Gene ontology (GO) analysis was used to functionally categorize Paysonia contigs. A total of 32% (39,723) contigs were assigned with at least one GO term. Of these, 84% (33,519) of the annotated contigs were assigned to Biological Process, 84% (33,525) to Cellular Component, and 86% (34,207) to Molecular Function. The terms “cellular process” (27,501), “metabolic process” (24,528) and “response to stimulus” (12,375) were prominently represented in the Biological Process category. The terms “cell” (31,329), “cell part” (31,199) and “organelle” (25,037) were the most highly represented groups in the Cellular Component category. “Binding” (25,941), “catalytic activity” (21,522) and “transcription regulator activity” (2,895) were the top three terms in the Molecular Function category.

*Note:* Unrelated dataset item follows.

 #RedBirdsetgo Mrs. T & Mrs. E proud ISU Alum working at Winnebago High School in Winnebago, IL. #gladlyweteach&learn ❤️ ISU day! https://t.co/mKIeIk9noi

The Arabidopsis Acyl-Lipid Metabolism Database (AraLip, http://aralip.plantbiology.msu.edu/) (Li-Beisson et al., 2013), which represents a curated collection of genome-wide lipid genes in Arabidopsis, was used to mine fatty acid metabolic genes from our reference assembly. A total of 766 non-redundant Arabidopsis lipid-related genes from 16 sub acyl-lipid functional groups were used to query the Paysonia reference assembly with BlastN. We found homologs of approximately 83% (643 out of 766) of Arabidopsis lipid genes, with sequence identities of 74-97% and a maximal e-value of 2.8e-08, including 93% of FA and 81% of TAG synthesis genes. This suggests that our transcriptome is highly representative of fatty acid and TAG biosynthesis genes in P. auriculata.

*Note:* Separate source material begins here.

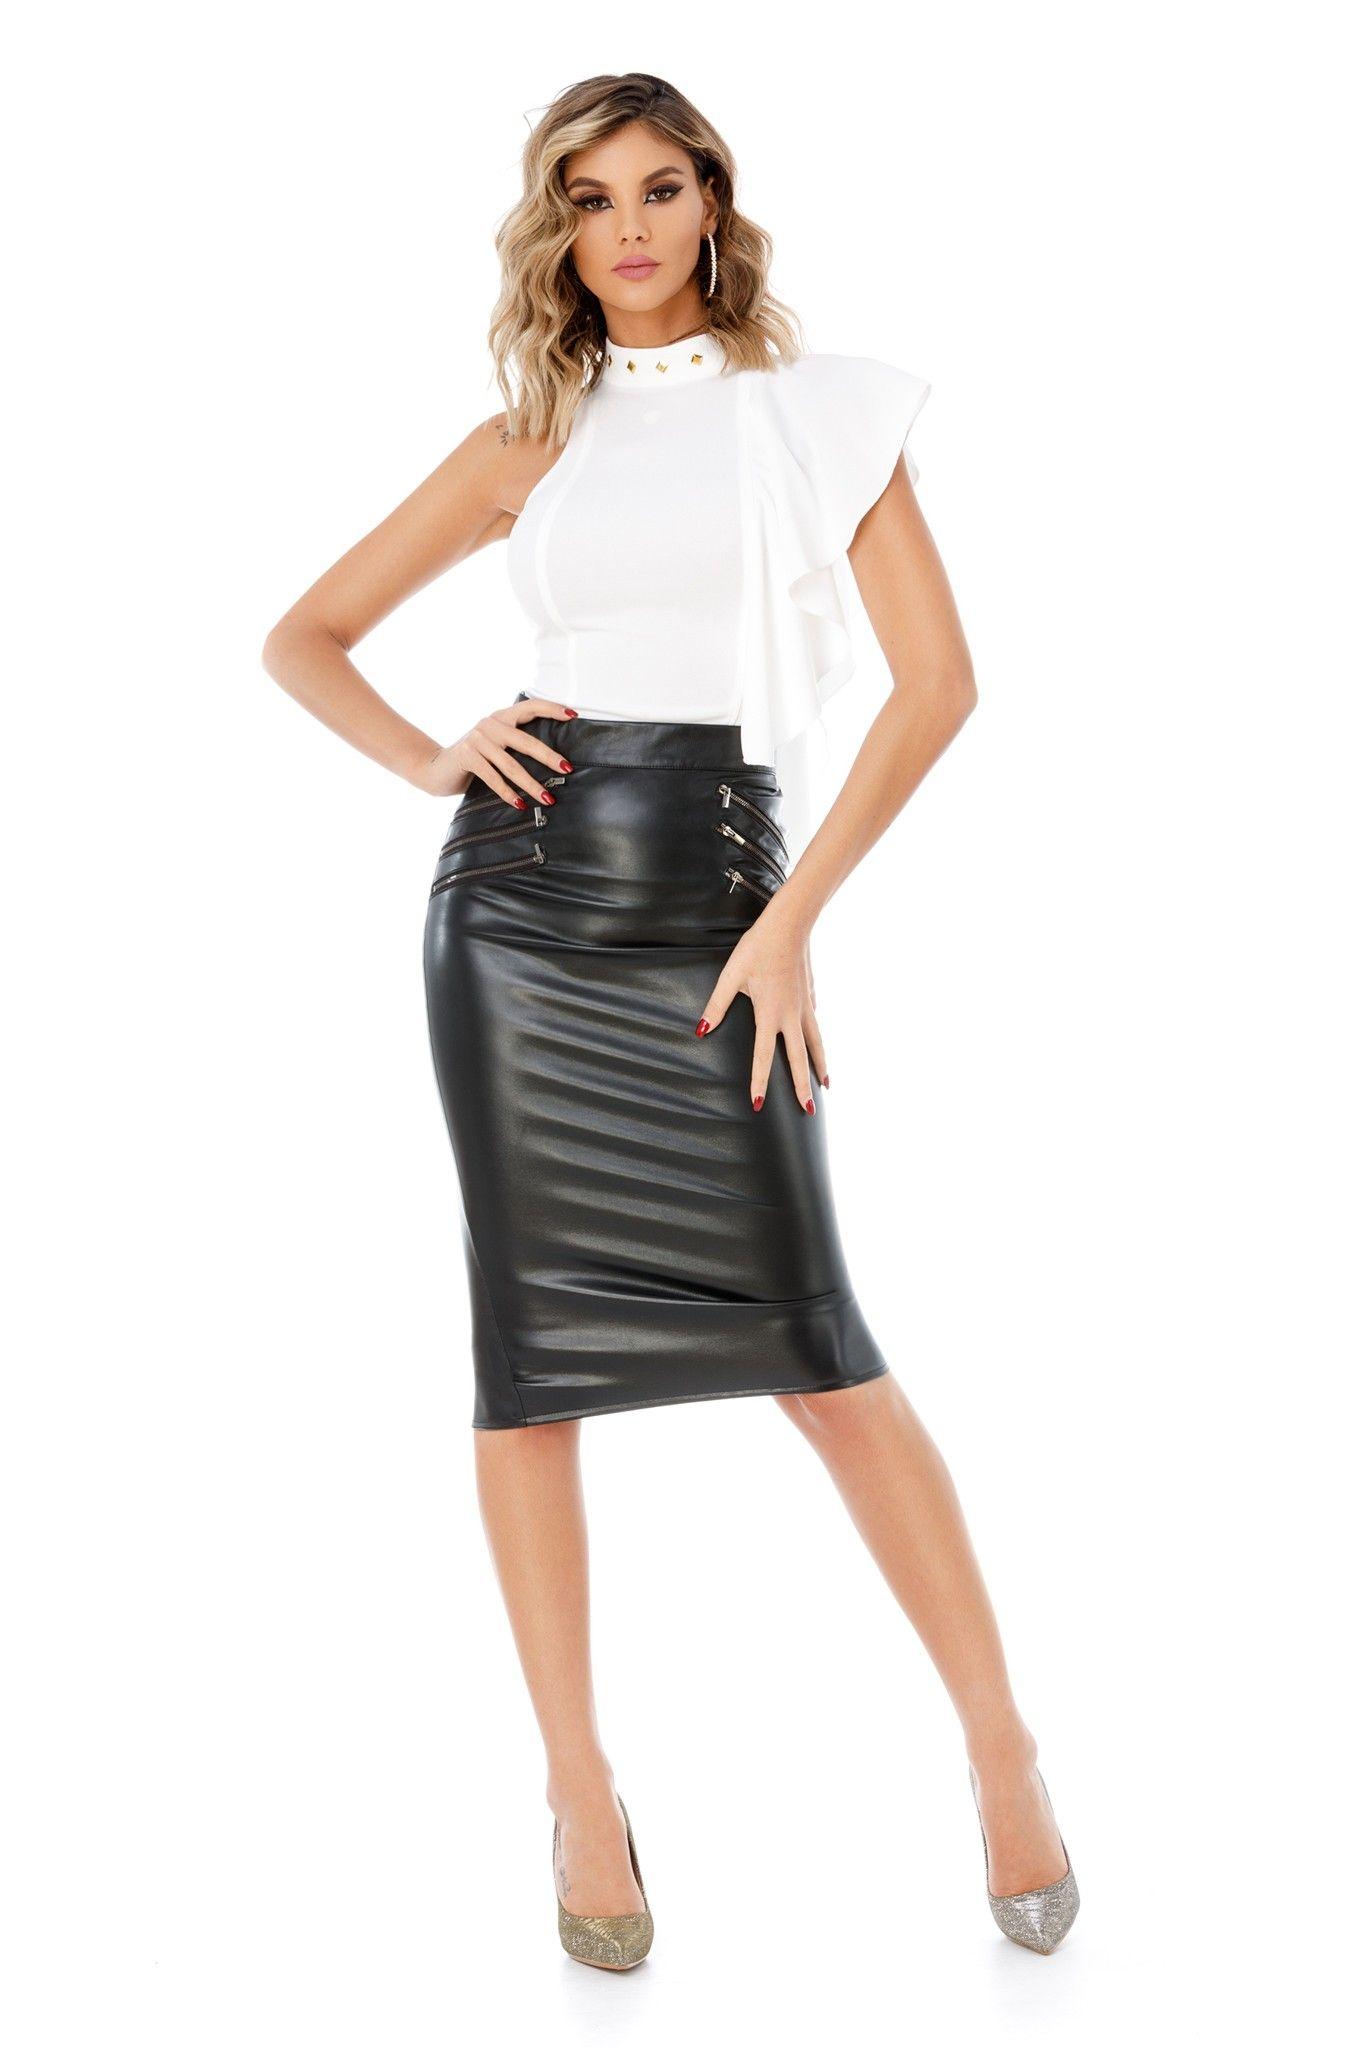 on sale e8653 2eeab Longuette di colore nero in ecopelle | Shopping online in ...

3.4. Differentially expressed genes
Differentially expressed genes (DEGs) were assessed by pairwise comparisons of the expression levels of the longest contigs (here referred to as gene expression levels) between developmental stages. In a comparison between 21 DAP and 14 DAP, 5,154 DEGs were detected, with 2,036 being up-regulated and 3,118 down-regulated. In a comparison between 28 DAP and 21 DAP, 3,893 DEGs were identified, with 1,296 being up-regulated and 2,597 down-regulated. In a comparison between 42 DAP and 28 DAP, only 5 DEGs were found, and they all were down-regulated. Overall, a total of 7,869 unique DEGs were identified from all three pairwise comparisons (Supplementary File 1).
Self-organizing map (SOM) clustering was used to assess global transcriptome dynamics and patterns during seed development (Figure 3). All 7,869 DEGs could be assigned into four distinct clusters (Supplementary File 1). Cluster 1 contained the most genes (4,396), and had peak expression at 14 DAP. Cluster 2 was upregulated at 28 and 42 DAP, cluster 3 was upregulated at 21 DAP and then reduced at 28 and 42 DAP, and cluster 4 was upregulated at 21 and 28 DAP and down-regulated at 42 DAP. A GO enrichment analysis was performed to evaluate the functions of genes in each cluster (Supplementary Table 3). Genes related to photosynthesis, and carbohydrate and fatty acid biosynthesis were especially well-represented in cluster 1. Genes related to lipid catabolic process, lipid modification, and oxidative stress were enriched in cluster 2. The genes in cluster 3 were mostly annotated as phenylpropanoid metabolism and suberin biosynthesis genes. In cluster 4, genes were mostly related to sucrose metabolism, response to water deprivation, aging and lipid localization.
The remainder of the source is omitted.